### Dataset content

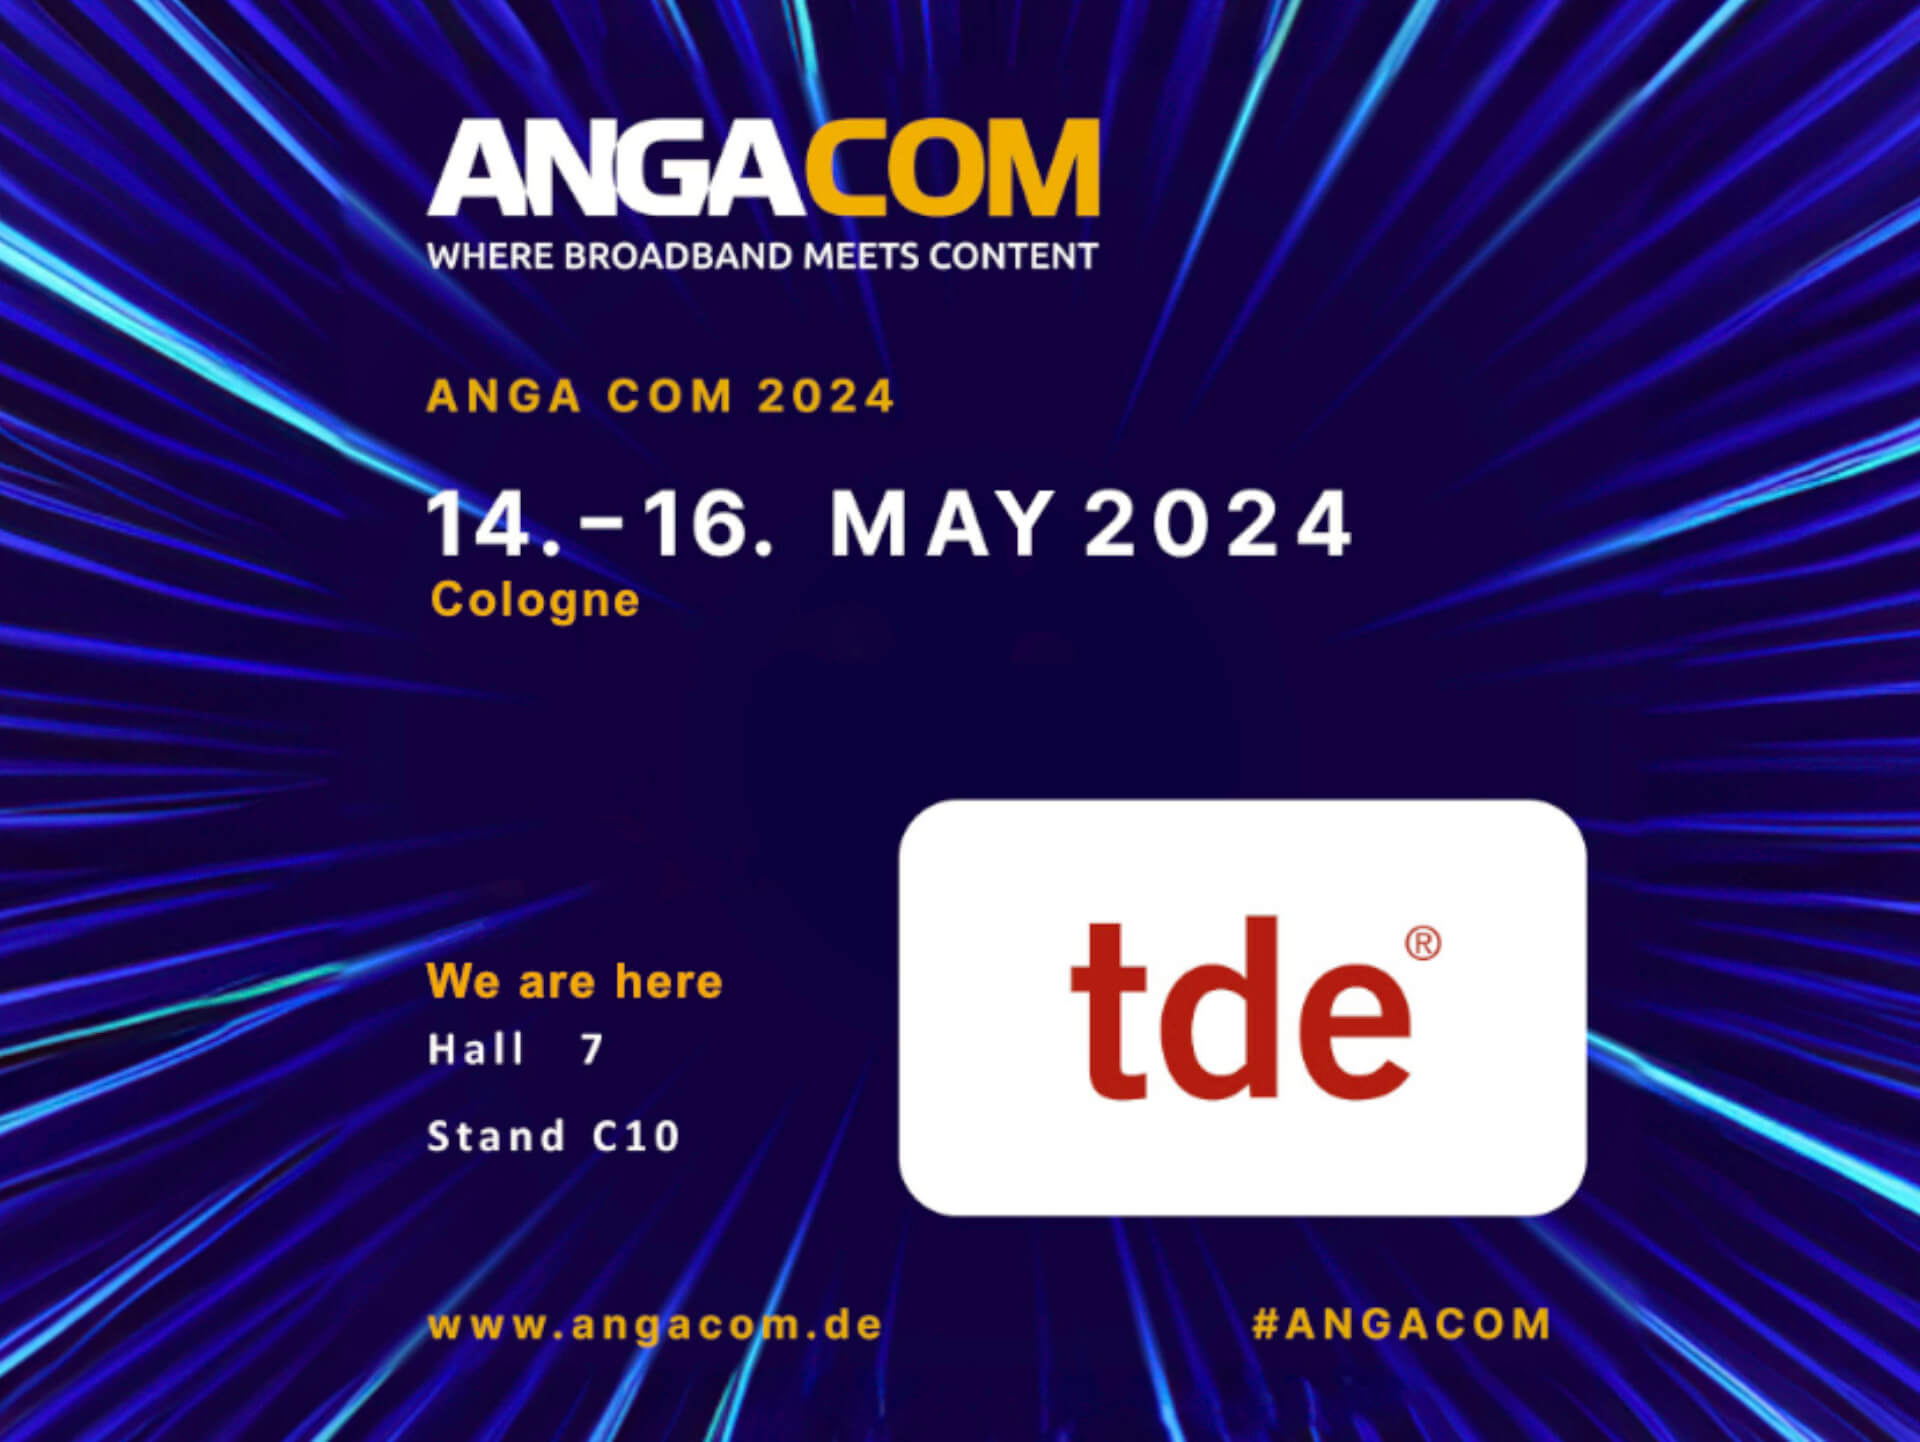 Notice of tde’s participation at trade fair ANGA COM 2024, Cologne, to see: Trade fair and tde logo as word mark, fibre optic cables in turquoise and light blue in the foreground on a dark blue background, announcing 14 to 16 May, stand C10, hall 7.
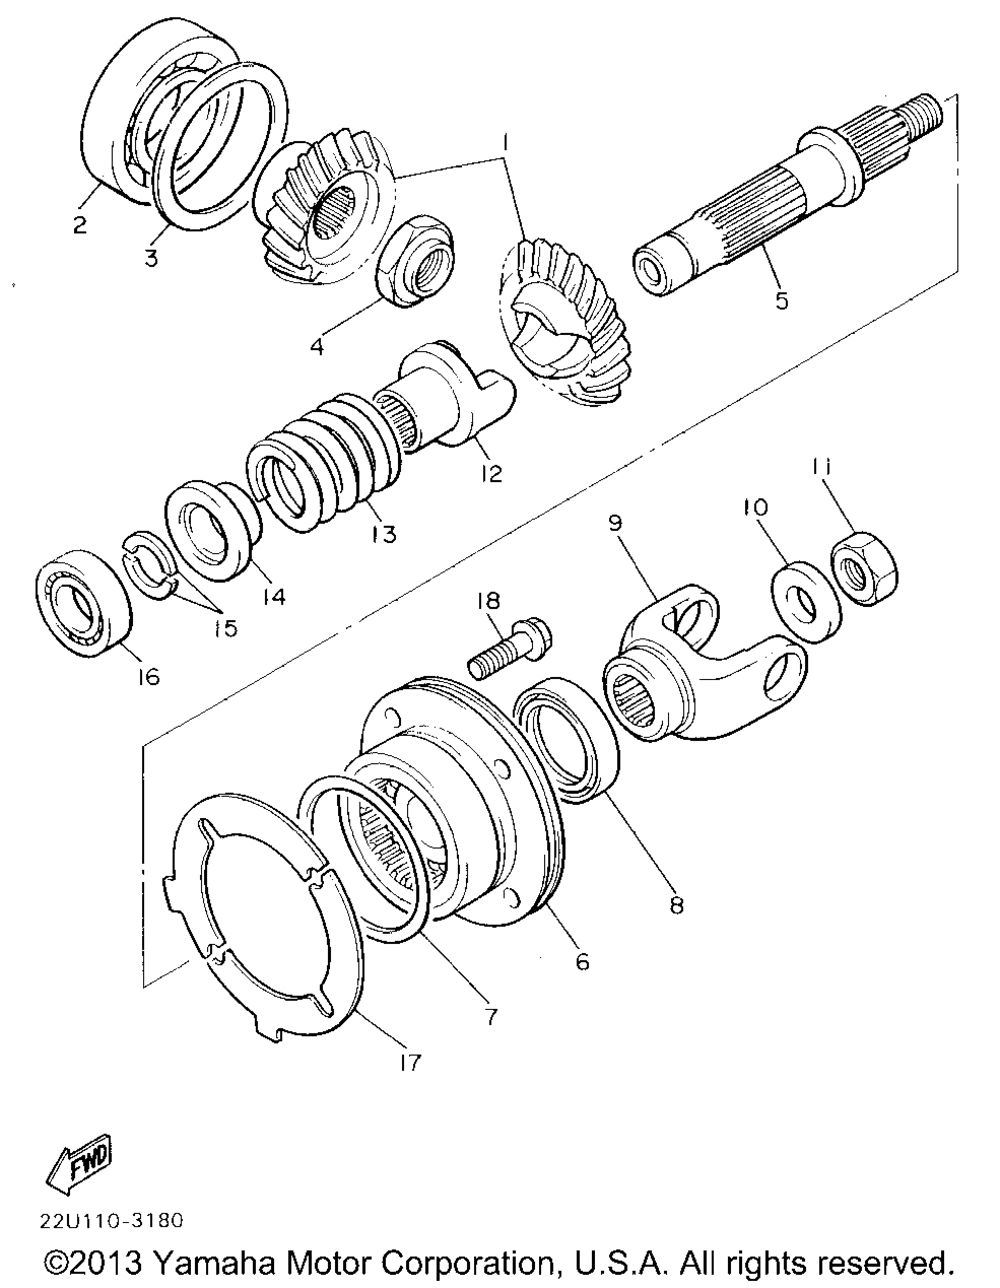 Middle drive gear
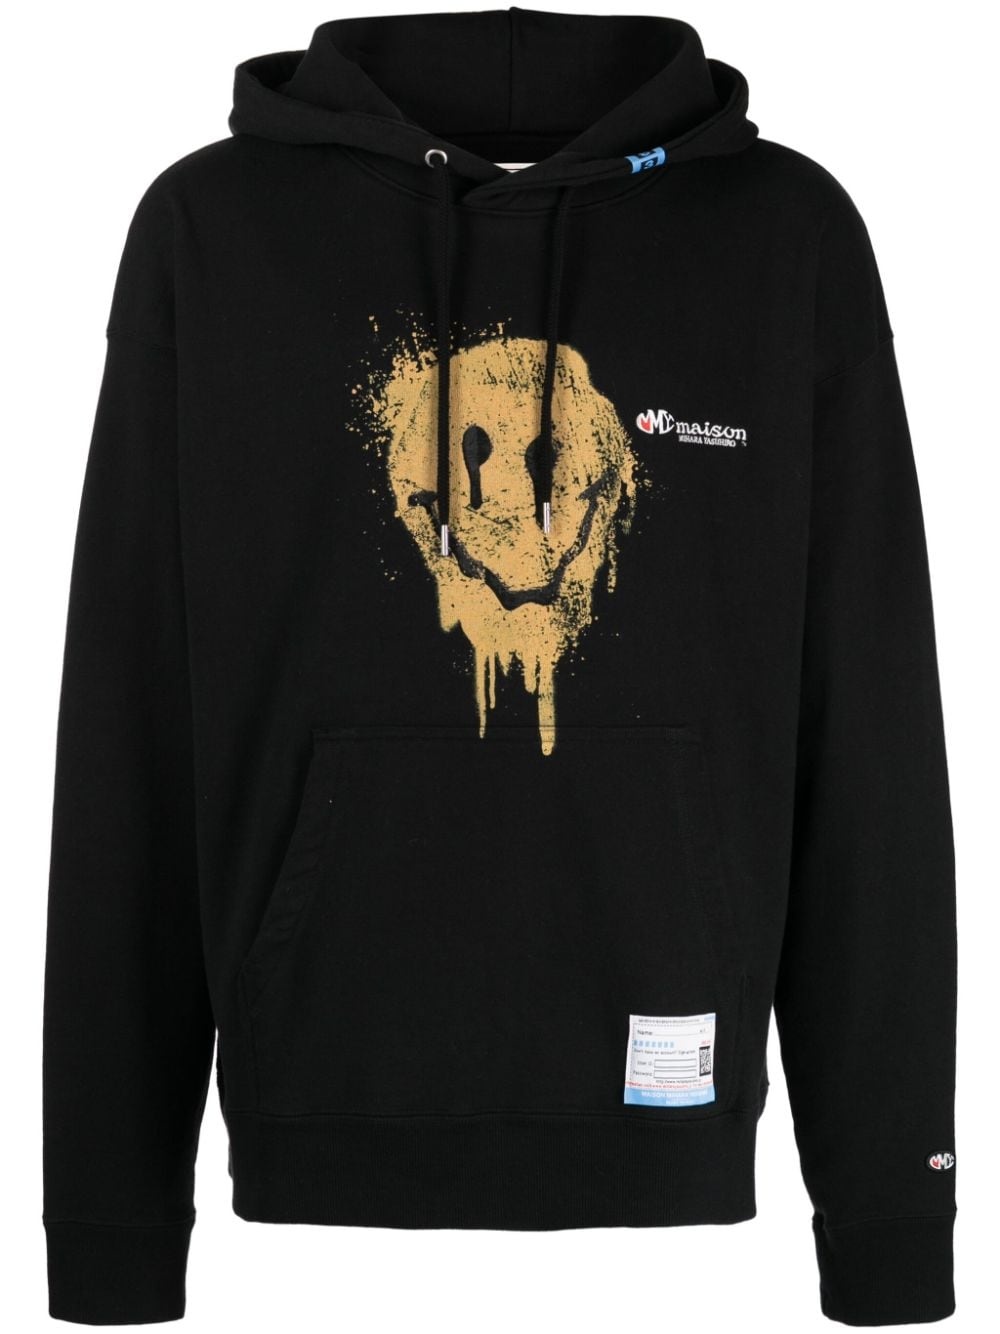 smiley-face print cotton hoodie - 1

######

Exactly and only the lines from the one holding "Middle drive gear" through the final line of the material must be returned, both ends included, without any pictures.

 Middle drive gear
 smiley-face print cotton hoodie - 1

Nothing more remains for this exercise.